** Data extracts follows **

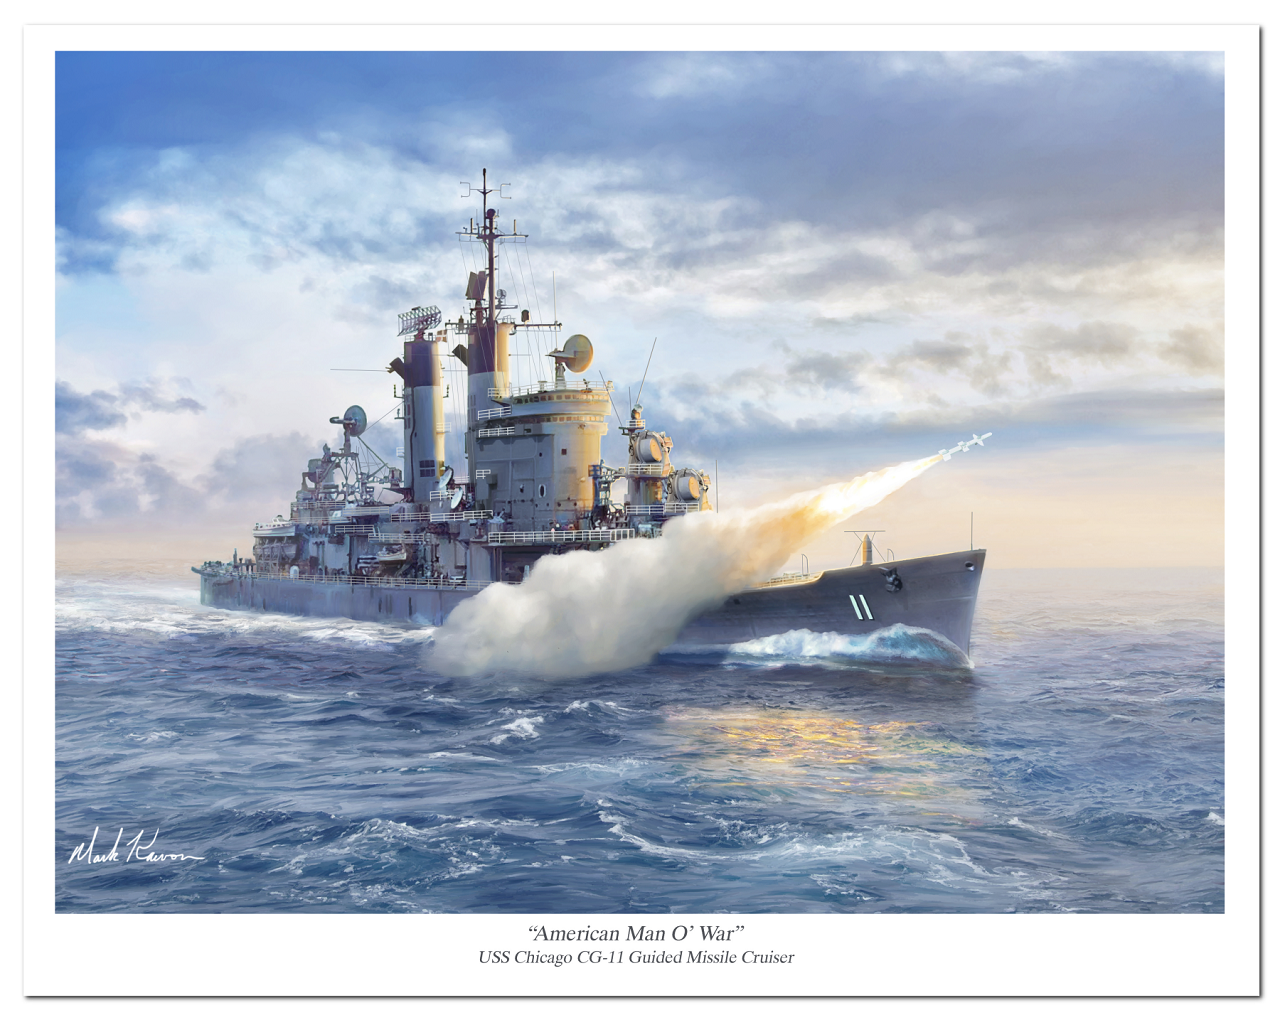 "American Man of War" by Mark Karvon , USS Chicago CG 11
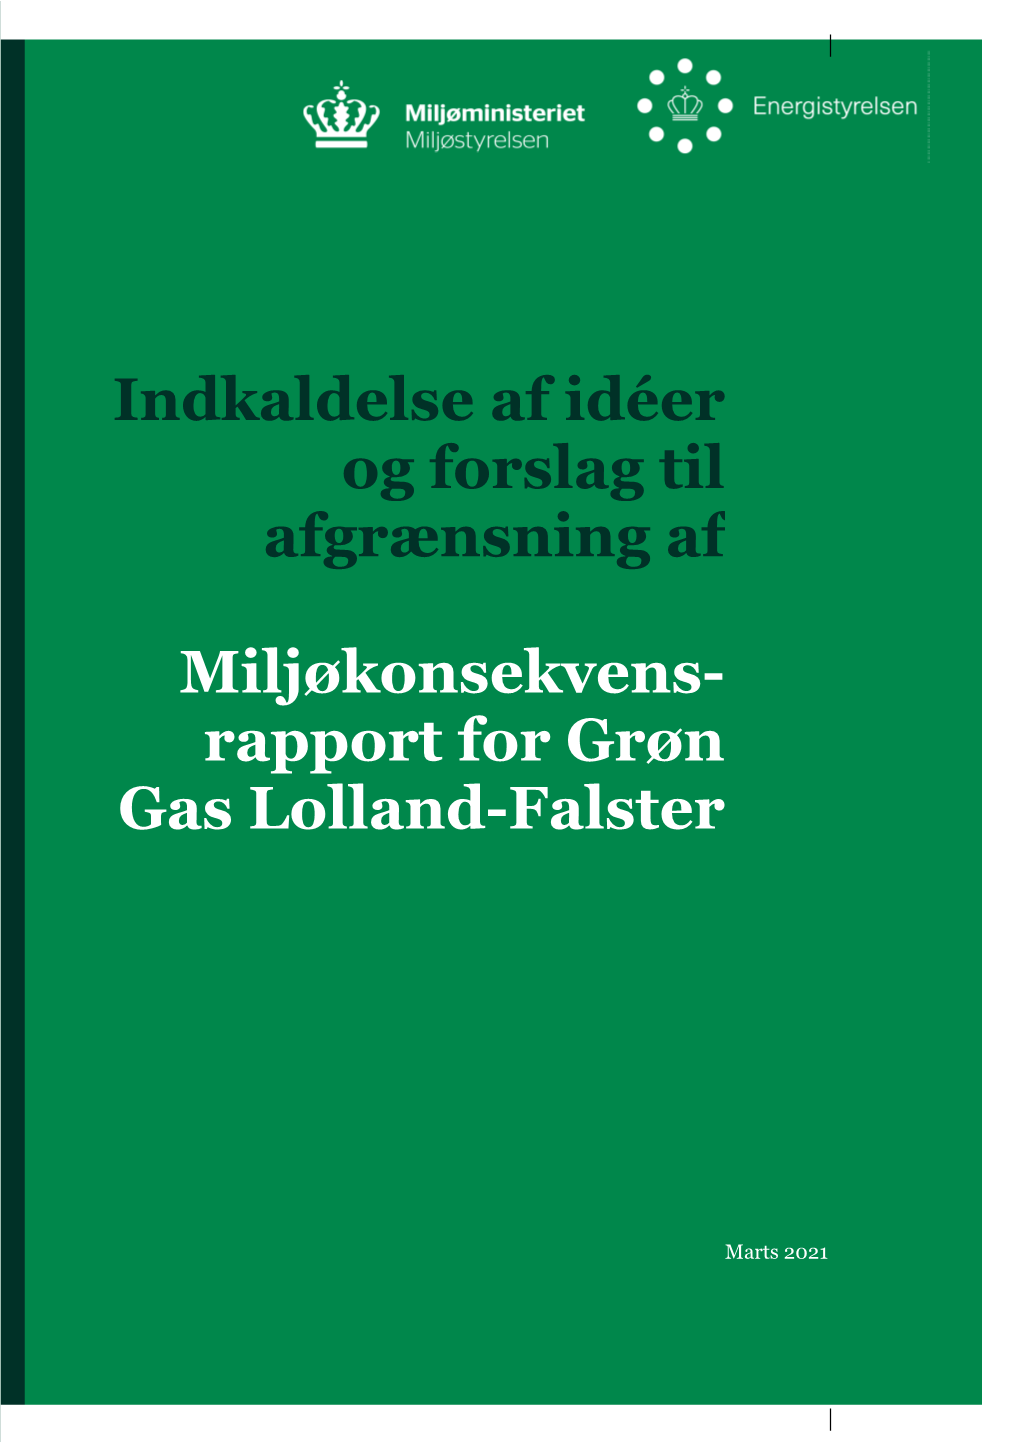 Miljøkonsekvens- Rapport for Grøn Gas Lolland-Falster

** End of Data extracts **
** Data extracts follows **

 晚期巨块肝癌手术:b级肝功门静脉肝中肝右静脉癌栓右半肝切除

** End of Data extracts **
** Data extracts follows **

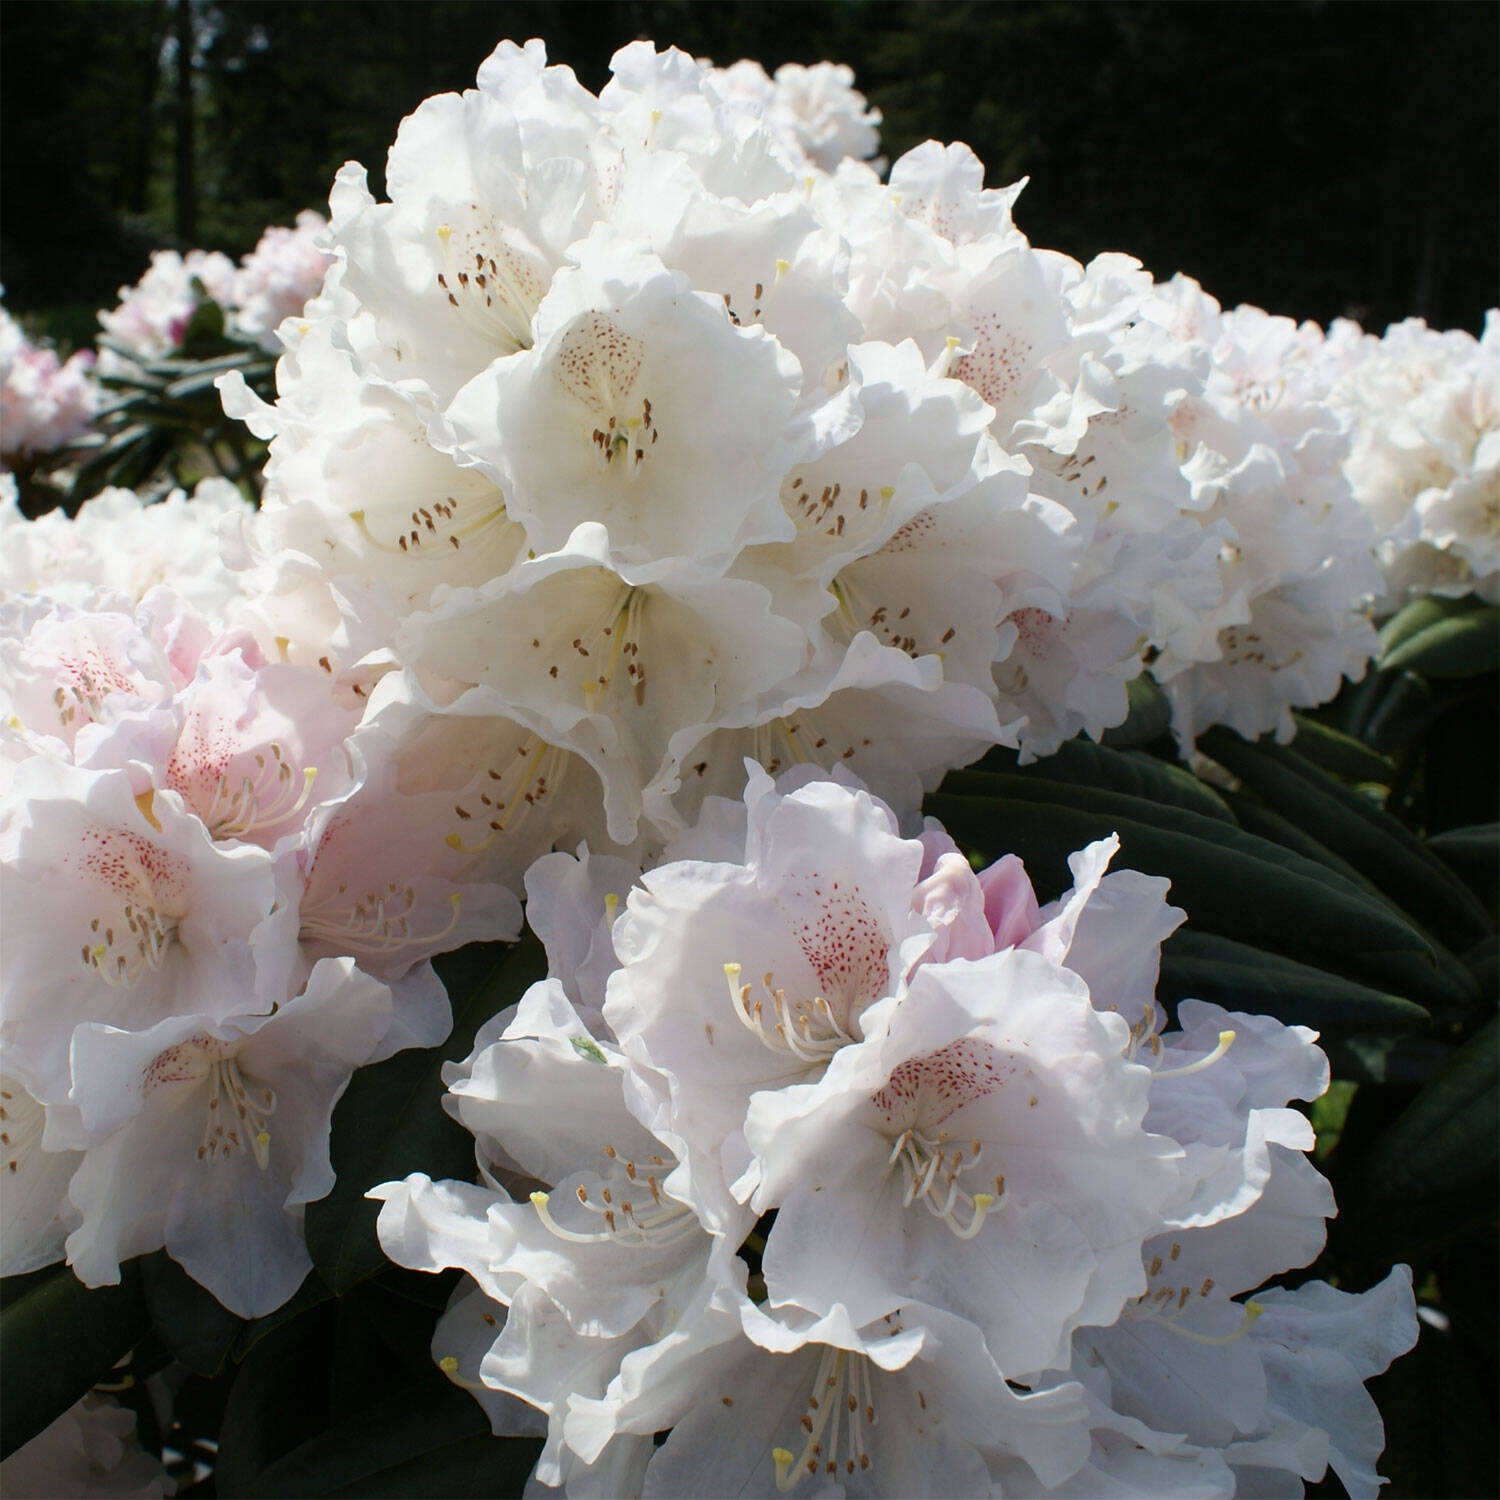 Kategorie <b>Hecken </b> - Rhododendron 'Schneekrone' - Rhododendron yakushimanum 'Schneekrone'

** End of Data extracts **

What to produce:
Using the data above, retype exactly and only the lines from the one containing "Chicago CG 11" up to and including the one containing "Miljøkonsekvens- Rapport for", with no pictures carried over.

Answer below:
 "American Man of War" by Mark Karvon , USS Chicago CG 11
 Miljøkonsekvens- Rapport for Grøn Gas Lolland-Falster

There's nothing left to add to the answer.